Furthermore, in order to be eligible to receive ZEV credits, automakers must certify that their cars meet CARB’s test procedures and emission standards for pollutants and greenhouse gases.
Rajagopal said, as a result of these regulations, electric vehicles are becoming more efficient and affordable.
“Because of California doing these things, it brings down the cost of electric vehicles for everyone in the longer run. Because companies invest on a large scale, things come down and become cheap for everybody,” Rajagopal said .
Yu added that air quality improvements that will result from an increase in ZEVs on the road will be felt most by those in underserved communities.
“In California, we find that the majority of those highway infrastructures were built in the under-burden communities, ……and that goes back to the 1960s and racial segregation,” Yu said. “If we can make the cars moving through these communities to be quieter and cleaner, that’s going to really eliminate or reduce a lot of the air pollutants.”
Despite the economic, environmental and public health benefits that California’s ZEV mandate is projected to deliver, it has been attacked by the federal government.
In May 2025, Senators voted to revoke California’s Clean Air Act waivers granted under the Biden administration after EPA Administrator Lee Zeldin – a President Donald Trump appointee – called on Congress to review them, according to the Sierra Club. Zeldin, a former Republican congressman and member of the House of Representatives’ Climate Solutions Caucus, generally voted against environmental legislation during his tenure in Congress.
These waivers had allowed CARB to establish three regulations to reduce vehicle-caused air pollution and speed up the transition to zero-emissions transportation.
The Advanced Clean Cars II and Advanced Clean Trucks programs were among the rescinded waivers.
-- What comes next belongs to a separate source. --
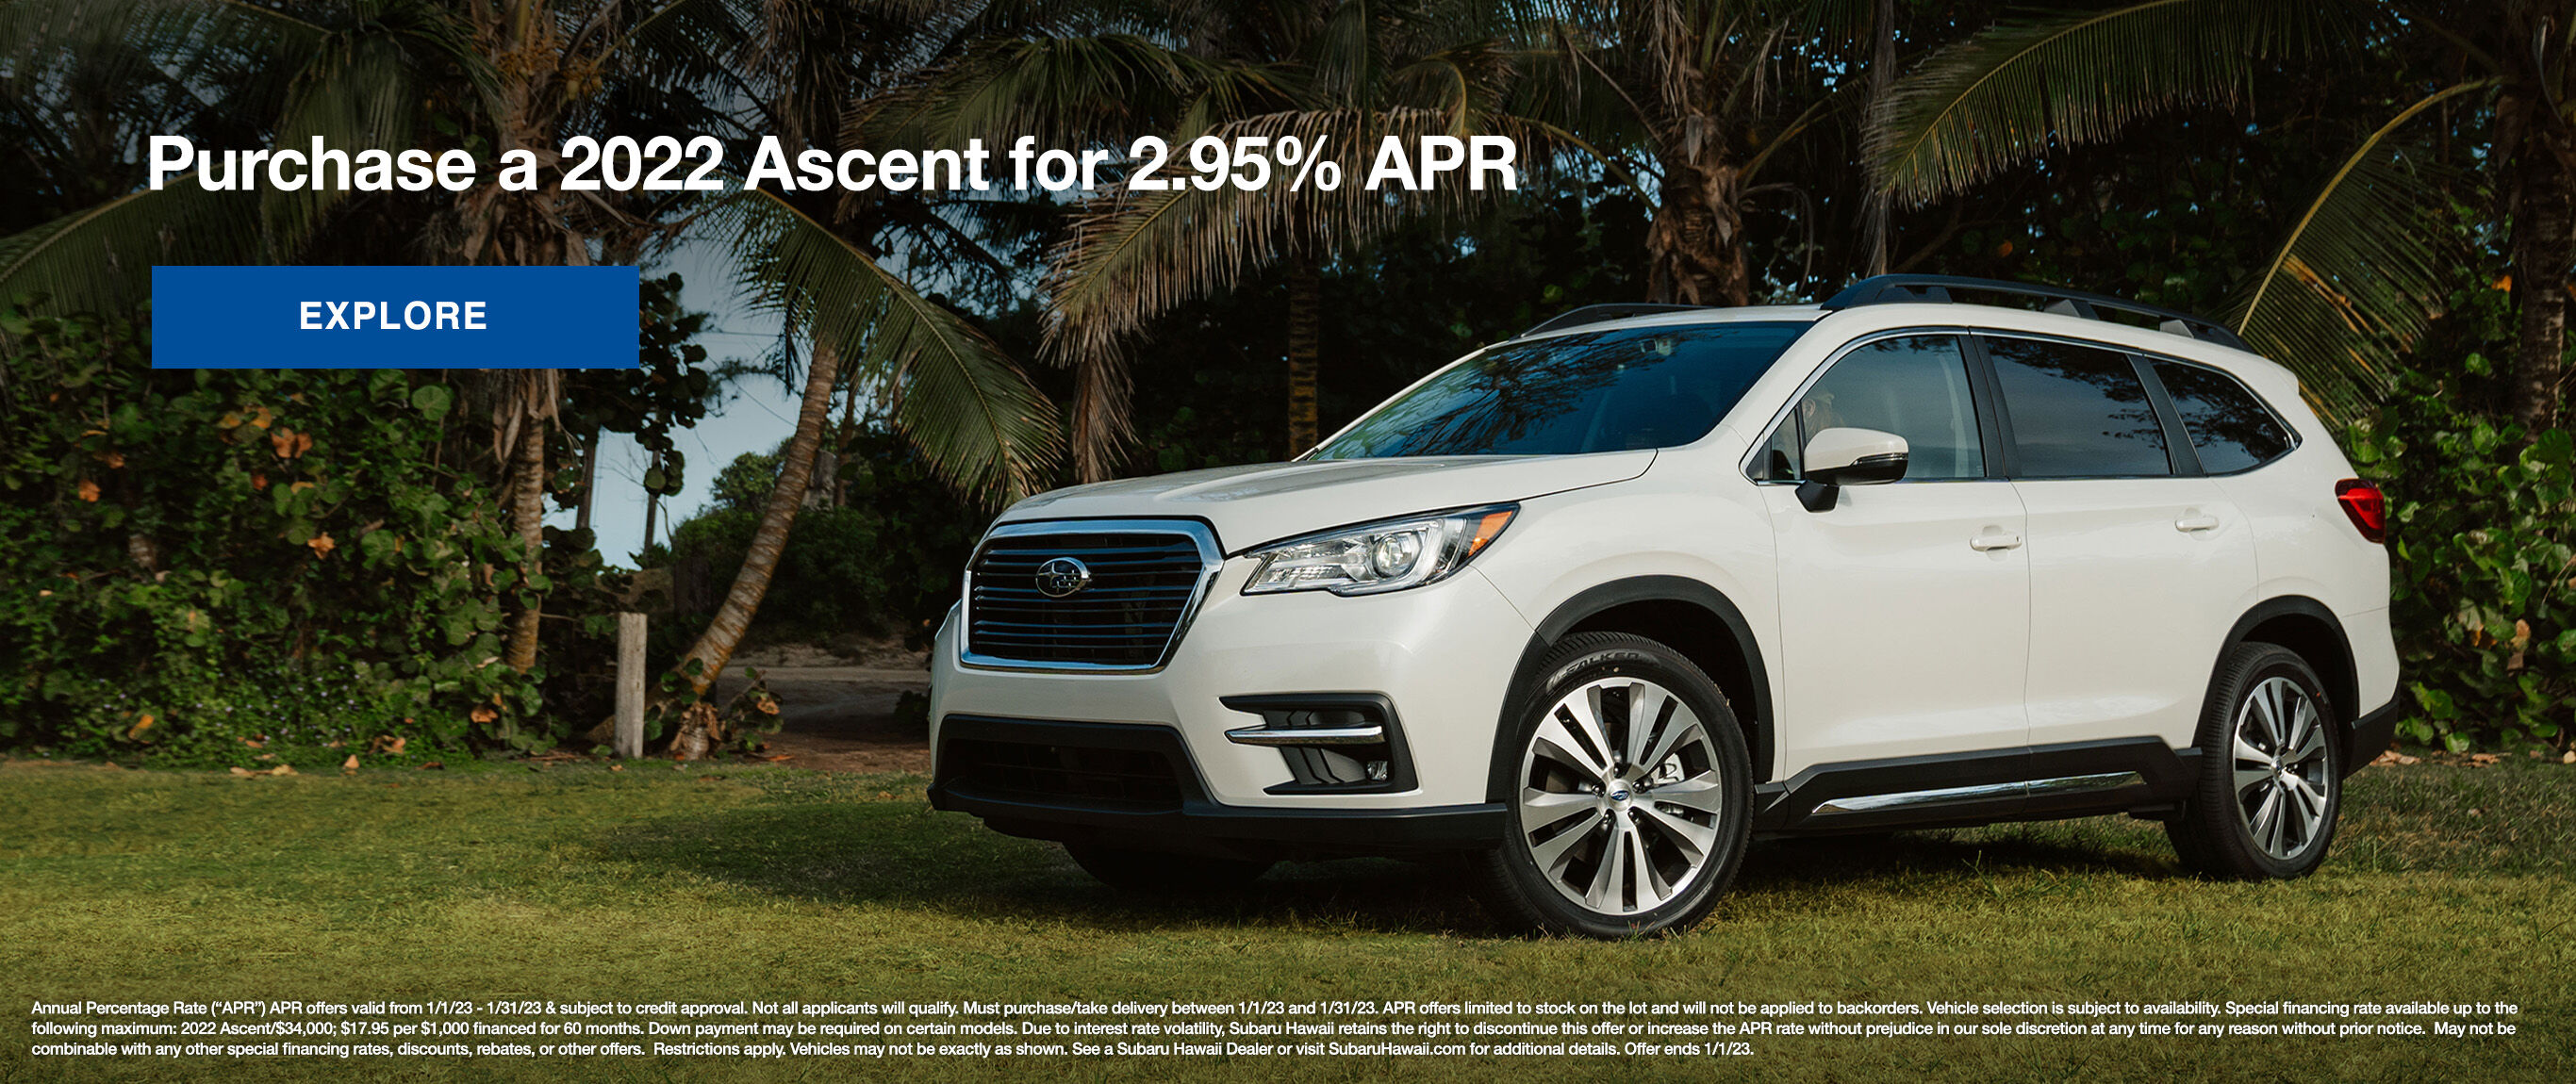 Purchase a 2022 Ascent for 2.95% APR

These programs required automakers to sell increasing proportions of zero-emission passenger vehicles, reaching full zero-emission sales for new cars by 2035 and 40 to 75% for new trucks by 2035. The third regulation, the Heavy-Duty Omnibus NOx rule, targeted nitrogen oxide emissions from large trucks. The EPA granted waivers for the Clean Cars II and Omnibus NOx rules in early January just before the Biden administration ended and approved the clean trucks rule in April 2023.
The California Attorney General Rob Bonta, Newsom and CARB, along with a coalition of 10 attorneys general, filed a lawsuit against the federal government June 12 challenging the waiver rescission.
“What California does has a huge impact because automakers don’t want to make two types of cars – one for California and for the rest of the nation,” Rajagopal said. “So, if California requires electric cars, they’ll have to produce it on a massive scale.”
The same day the lawsuit was filed, Newsom issued an executive order reaffirming the state’s commitment to accelerate the deployment of ZEVs. The order also directs CARB to design a new set of regulations that build on the Advanced Clean Cars II, Advanced Clean Trucks and Heavy-Duty Omnibus NOx rules so a contingency plan is in place if the court permanently blocks California’s existing rules .
But, in spite of federal pushback, Rajagopal said university research efforts, including those being conducted at UCLA, should continue to advance the ZEV plan.
“Universities should be at the forefront of this,” Rajagopal said. “Everything from the basic science, the fundamental science, the basic physics and chemistry to engineering, to law, policy, economics, has happened and should continue to happen.”